Material for the task ->
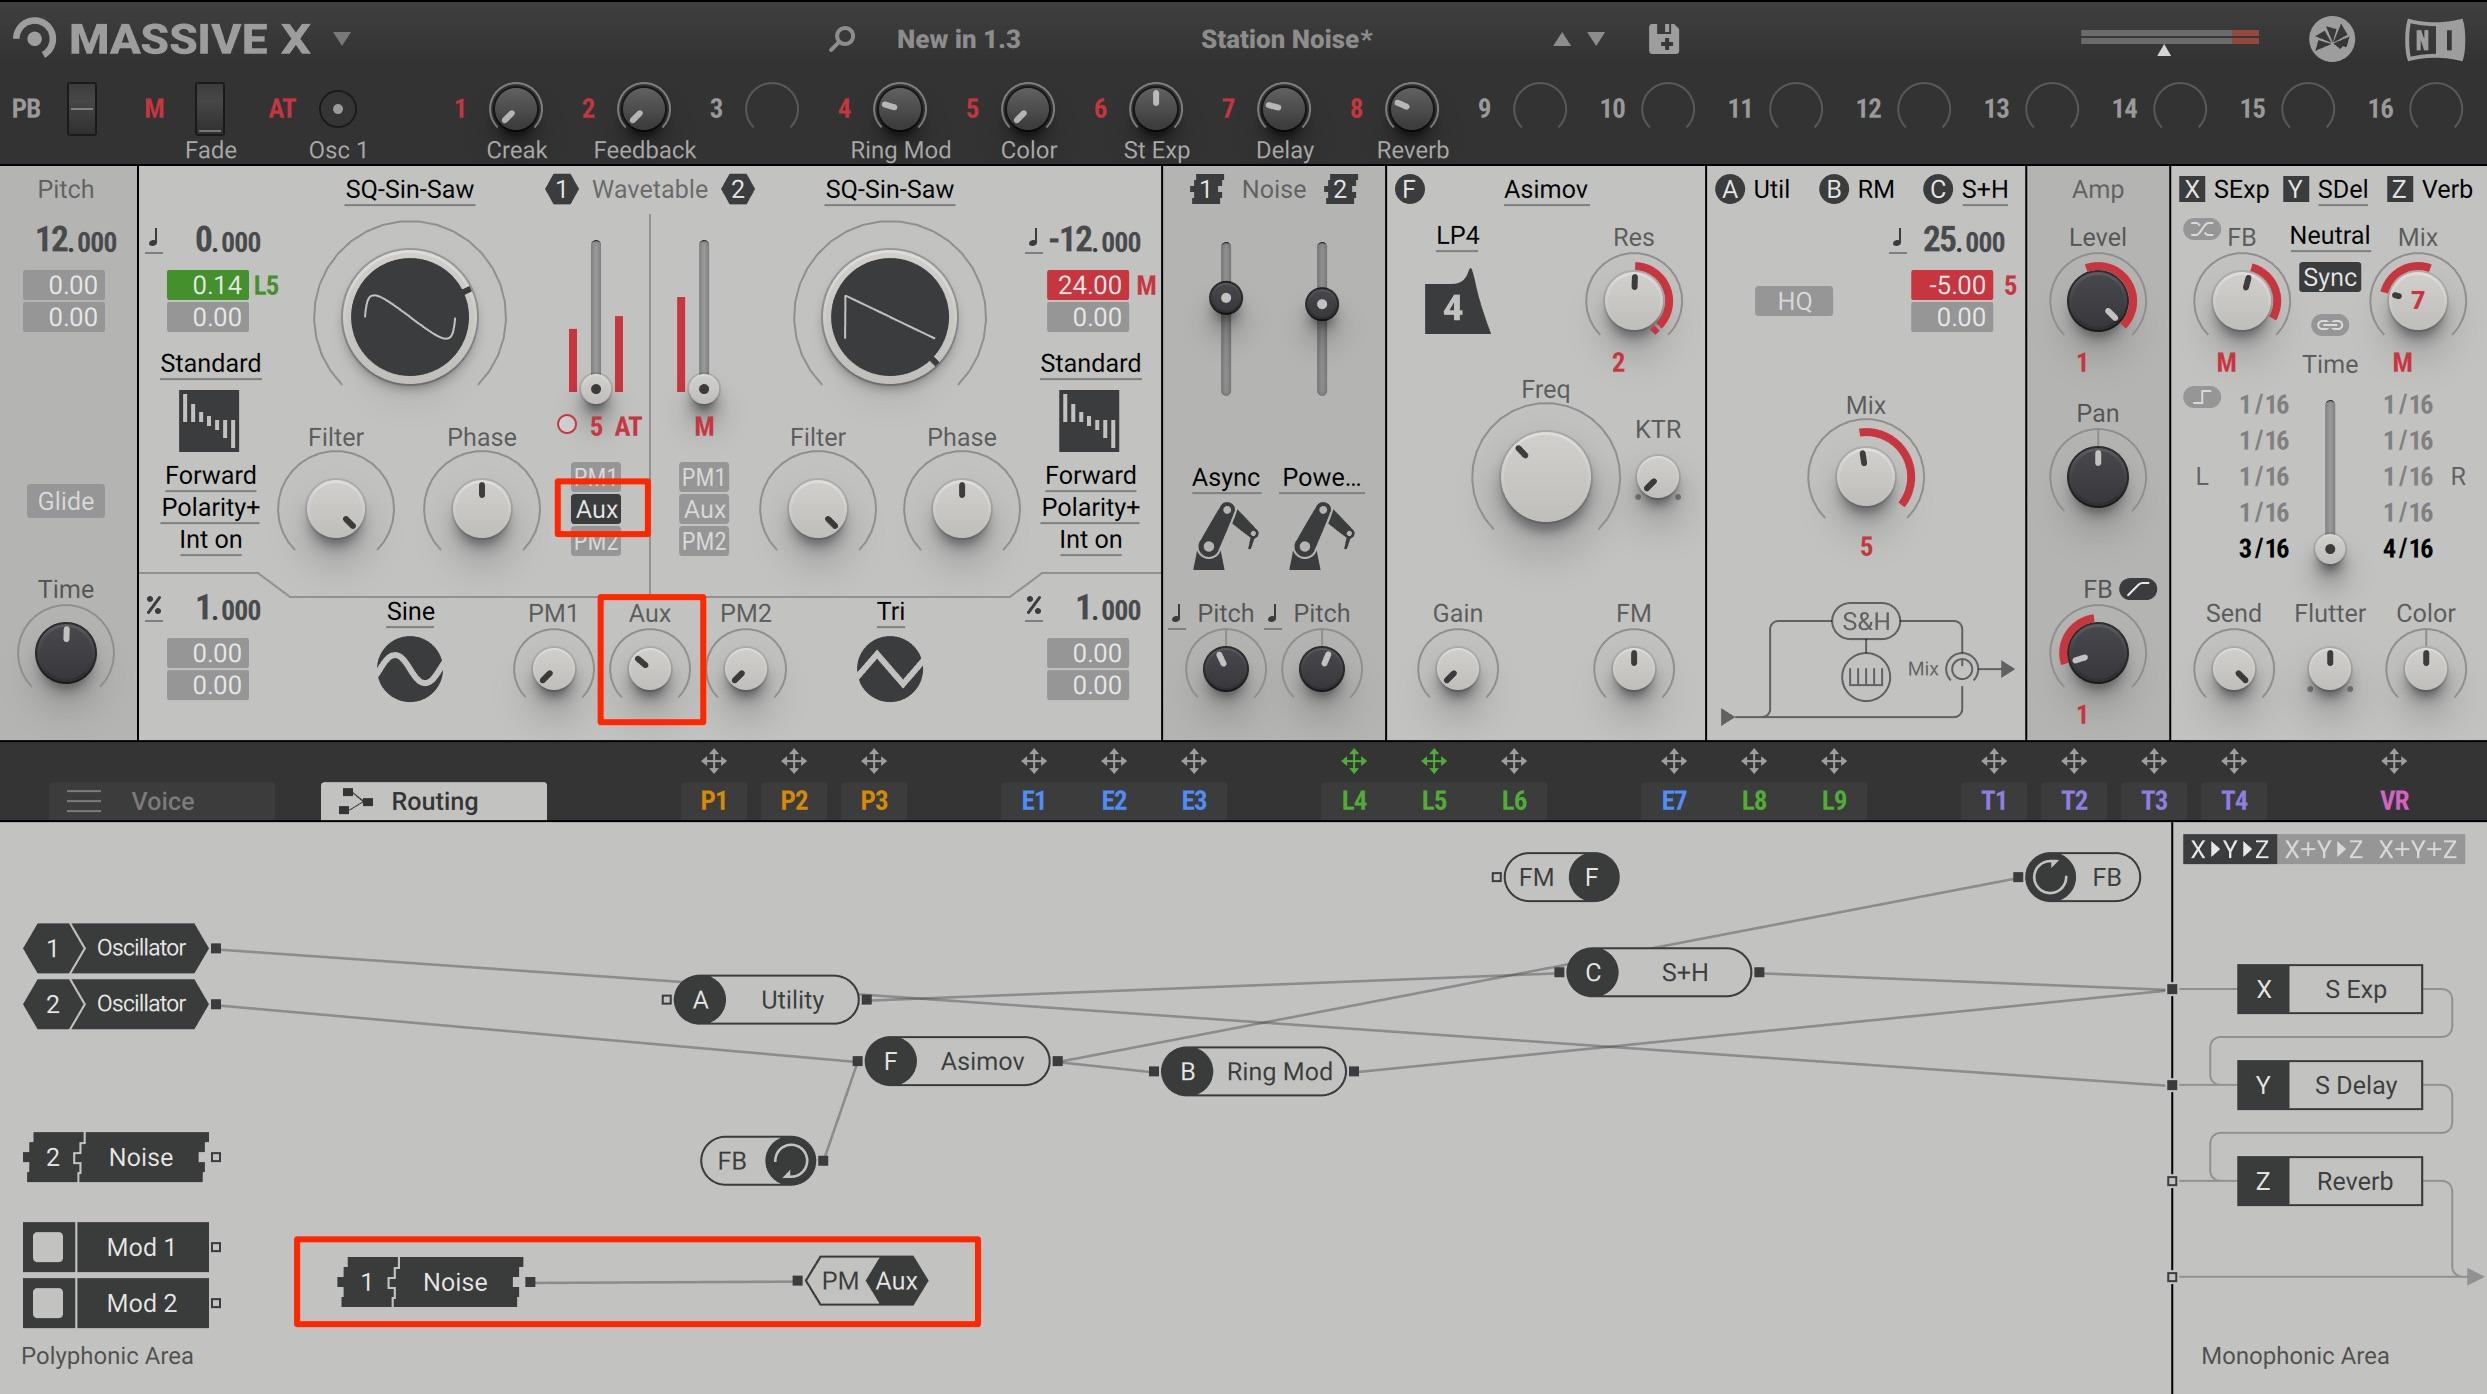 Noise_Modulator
==
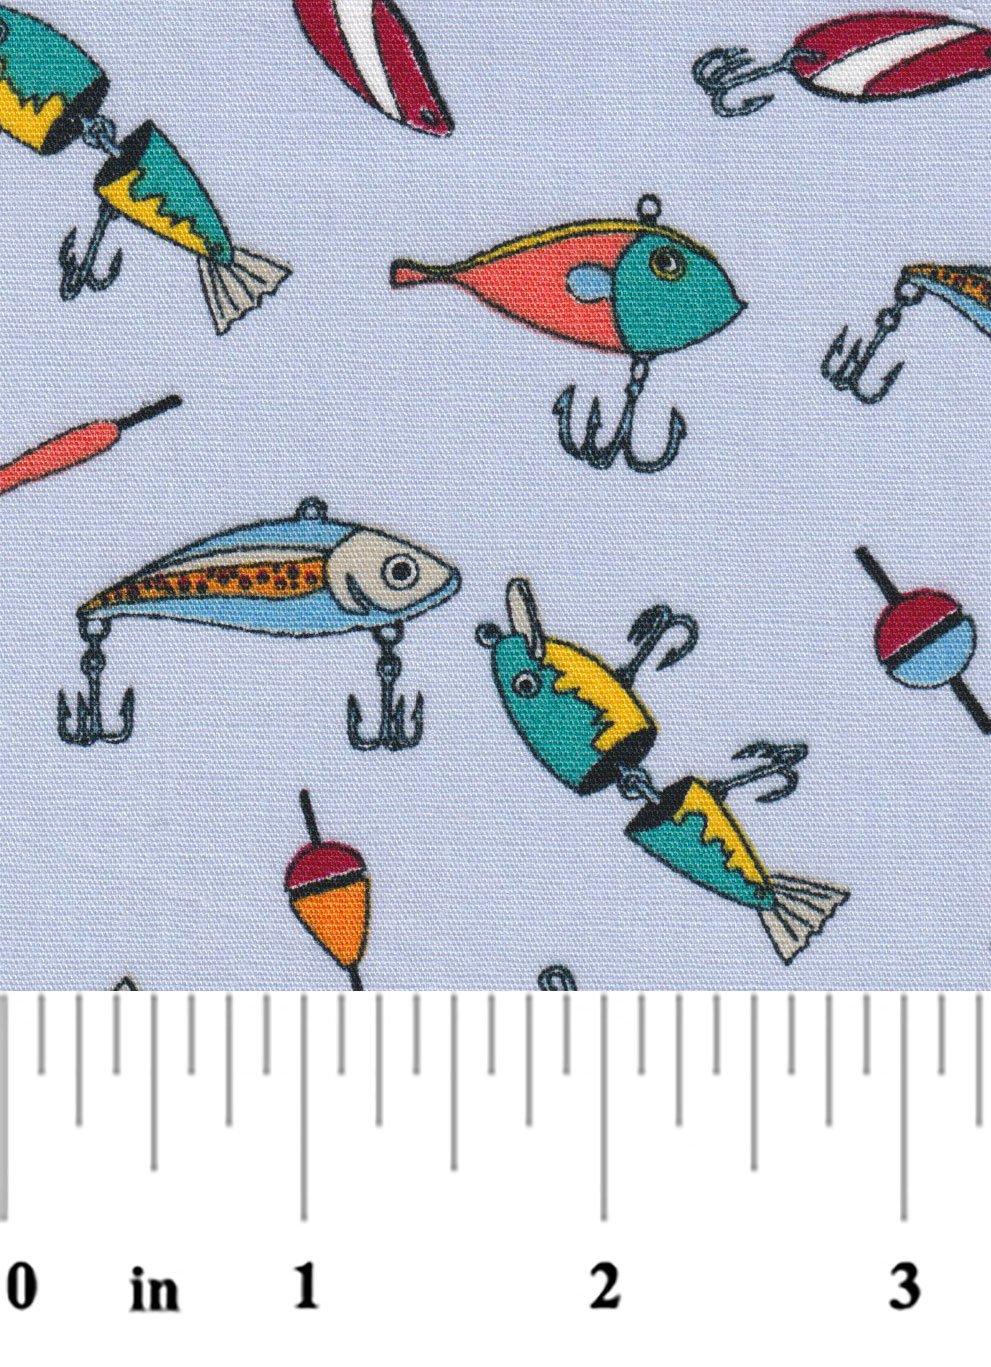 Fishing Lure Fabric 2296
* * *
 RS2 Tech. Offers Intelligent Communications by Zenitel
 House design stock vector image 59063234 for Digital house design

What you are asked to do -> Beginning at the line with "RS2 Tech. Offers" and stopping after the line with "House design stock", please write out every line of the data above exactly and nothing else.

Response below ->
 RS2 Tech. Offers Intelligent Communications by Zenitel
 House design stock vector image 59063234 for Digital house design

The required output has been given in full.